# Stuck pleco?



## luananeko (Aug 27, 2010)

I'm not sure if this counts as an "emergency" per se, or if its more of just a stubborn fish that doesn't want to move, so feel free to move this if I posted it in the wrong place.

I have a bristlenose pleco that has wedged herself in the crevasses of a sunken ship decoration I have and is refusing to budge. I can't tell if she's just stuck (she's nose first in a very narrow spot) or if she just doesn't want to move. I've tried (gently & minimal) poking her with my finger and a toothbrush (sanitized of course, its the one I use only for removing gunk from decorations, lifting the ship out of water briefly, and gently shaking the decoration. She has not budged other than to fan her back fins slightly.
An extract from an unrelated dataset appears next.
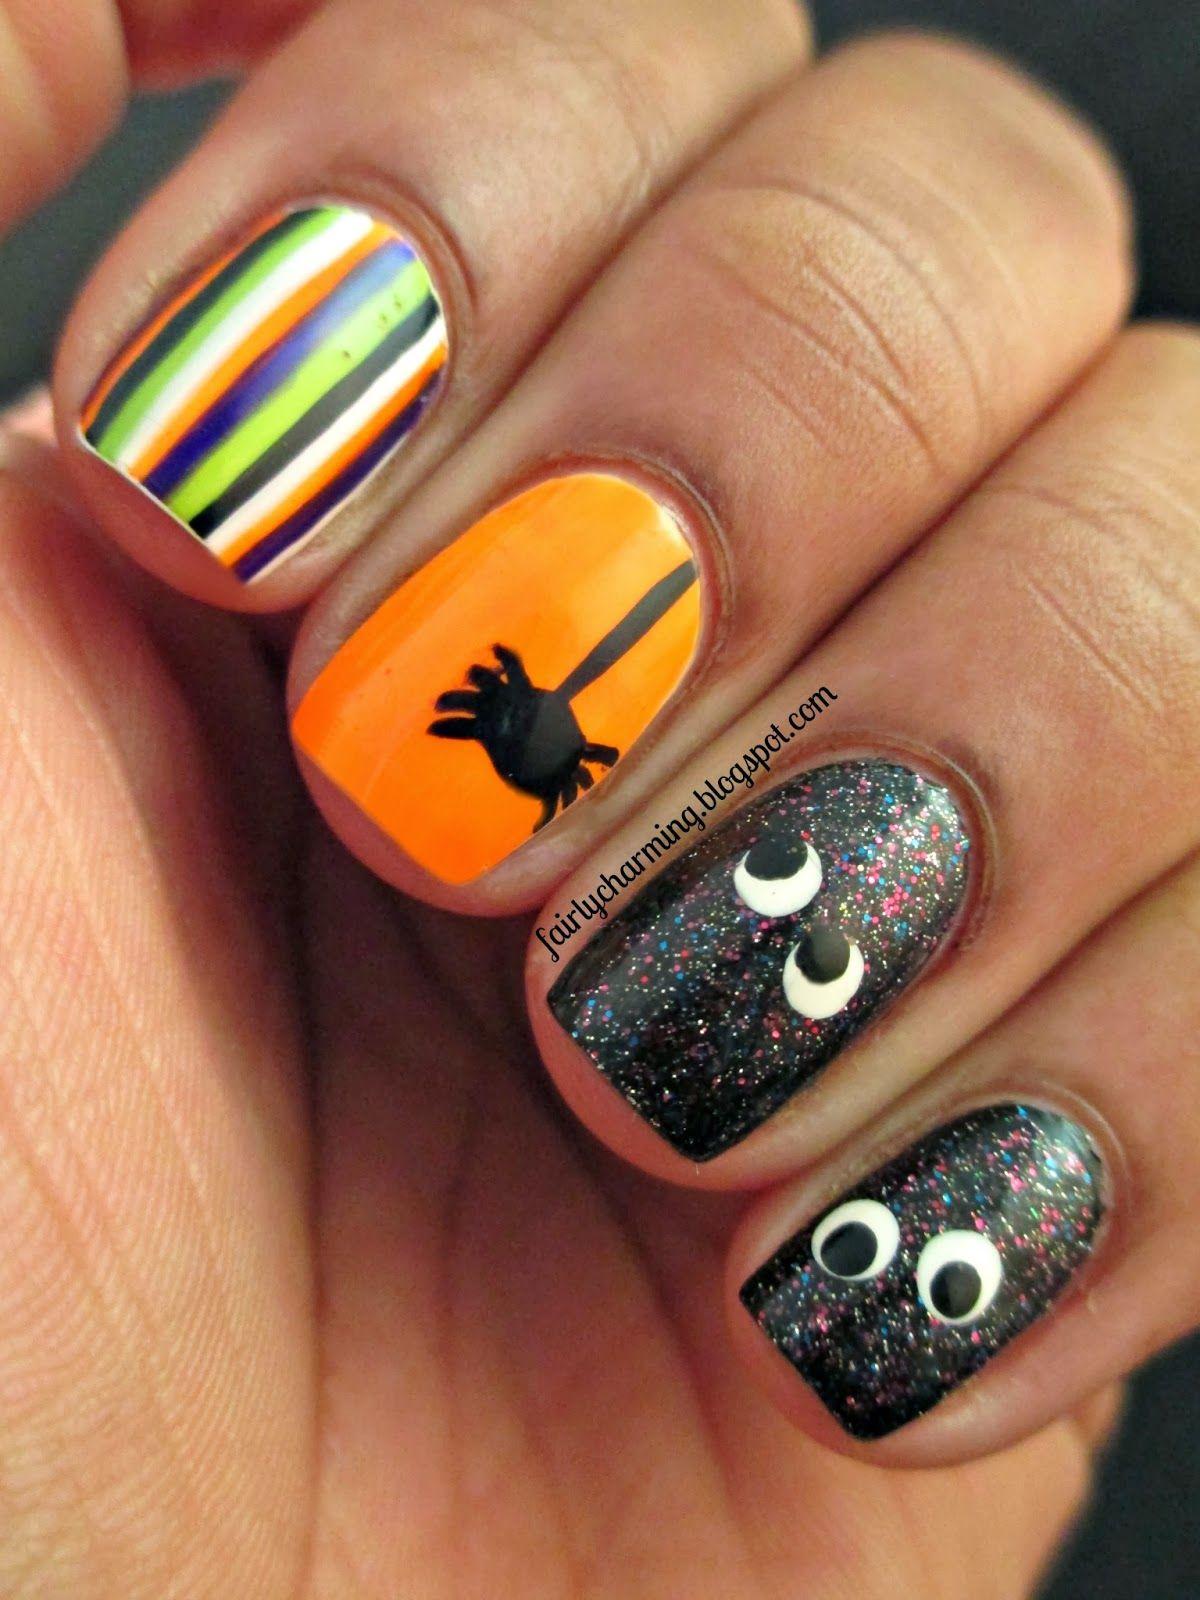 Nail3340g 12001600 Fingernail Art Pinterest Fun Nails

I need to get the decoration out for cleaning, but I obviously can't do that with her still inside... How do I get her to move? I've left the ship upside down in the tank for now, hoping that she'll leave on her own since she's more exposed in the current position, but barring that, what are my options?


----------



## luananeko (Aug 27, 2010)

Update:

After 2 hours of sitting the ship upside down with the built in airstone on the ship bubbling into her, she finally moved out of the crevass into a section of the ship that I could get my fingers into better to shoo her out entirely. Finally!


----------



## Rob72 (Apr 2, 2011)

glad you got her out hope she is doing ok


----------



## jrman83 (Jul 9, 2010)

Get rid of that decoration or block that hole with something.


----------



## luananeko (Aug 27, 2010)

Sadly it's my husband's favorite decoration, so I'm trying to find a way to block some of the tighter areas rather than get rid of it... I definitely don't think she was truly stuck since I watched her swim out of the spot later with zero effort, so she just didn't want to leave it. At least it's not a health risk for her right now, just a severe annoyance for me when trying to clean.

She's completely fine right now and is munching on the underside of some driftwood, no worse from my pokings


----------